Courses and training in applied statistics are available through many colleges and universities at the graduate and undergraduate levels. They may be offered as part of an applied statistics certificate program or as components of a bachelor's or master's degree program in various disciplines, including engineering, economics, mathematics and political science. Because applied statistics plays such an integral role in so many fields, graduates of such programs may find work in a variety of settings.
Here are a few common concepts in applied statistics courses:
- Investigating a hypothesis
- Data configuration
- Using computers for mathematical calculations
- Practicing the scientific method
- Using graphs
List of Common Courses
Quantitative Analysis Course
In an introductory quantitative analysis course, students learn about graphical analysis, hypothesis testing, confidence intervals and regression analysis. These principles and techniques are widely applicable to inquiries in the social sciences. Students also learn how to collect, manage and analyze data with computer software and finalize and present their statistical results.
Applied Statistics and Probability Course
This introductory course on probability and statistics introduces discrete and continuous random variables, regression, hypothesis testing and other fundamental elements of statistical analysis. With an understanding of these techniques, students can effectively interpret data presented in papers, studies or other research materials. The course covers also techniques for creating and interpreting graphs using statistical software or specialized graphing calculators.

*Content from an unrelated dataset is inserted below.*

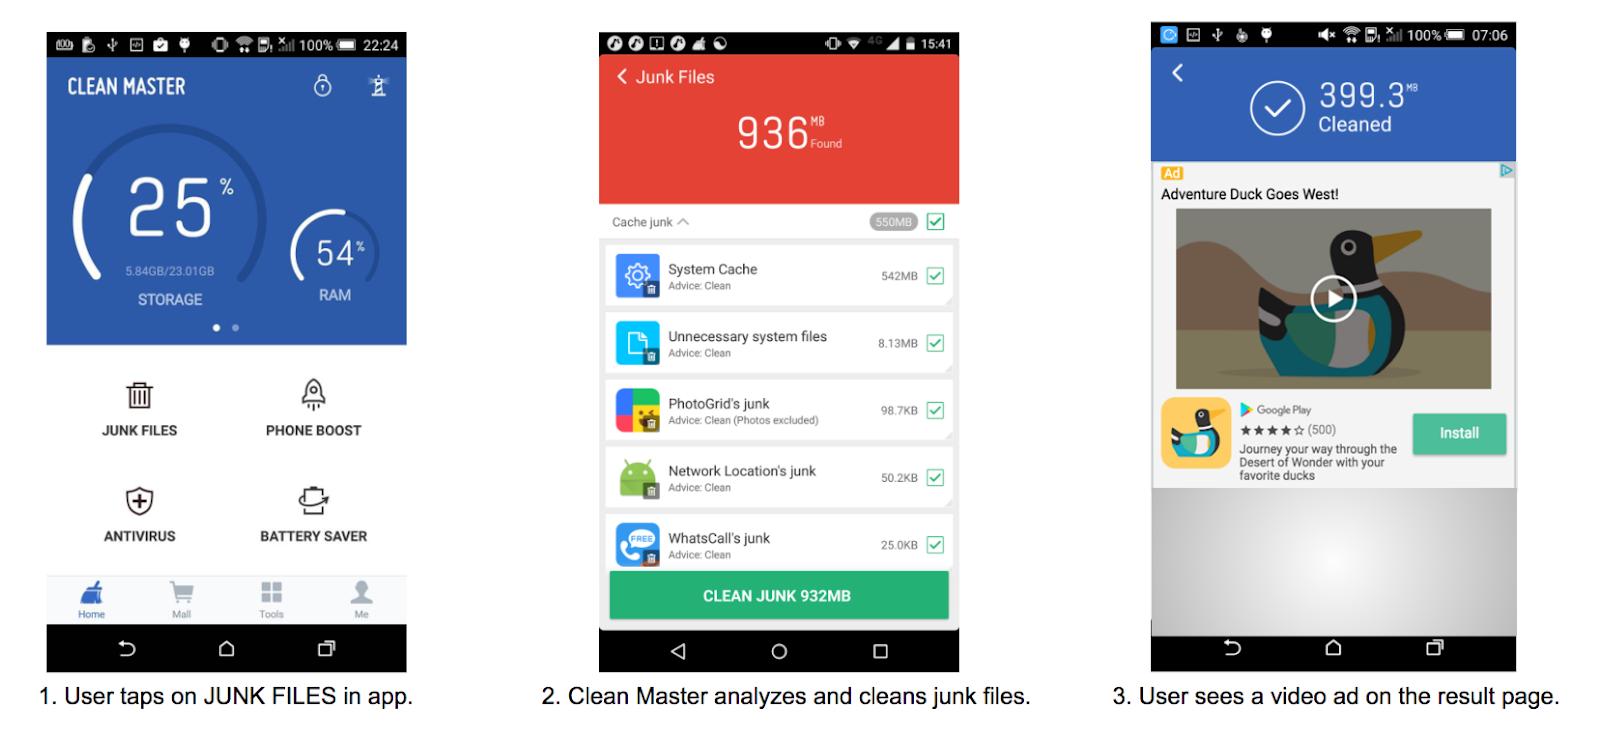 cheetah mobile improves user ad experience while increasing app performance with admob's native video ads - 4nvD9bpB3SVMXUTVtlxHWDGq98YnstISb3i3PnEgrVosqqUb8DZXqLCtlumB22rcbIuo9i71Bewv1xZm2mha7xWDt6S5AzXXLY1st6SuOFPD27NFImnLNUAnUS724kswzNVlZahR - Cheetah Mobile Improves User Ad Experience While Increasing App Performance with AdMob's Native Video Ads

Experimental Design Course
Students learn how to design and analyze experiments to study data related to research projects in their area of study. Topics covered include sample sizes, residual analysis, checking assumptions and transformations. Students practice using industry-standard statistics software to analyze data.
Statistics and Computational Methods Course
In a computer statistics course, students learn about the structure and use of computer languages that are used to interpret and graph statistical data. Courses cover matrices, resampling strategies and linear and nonlinear modeling methods. Specialized algorithms such as the Monte Carlo simulation may also be discussed.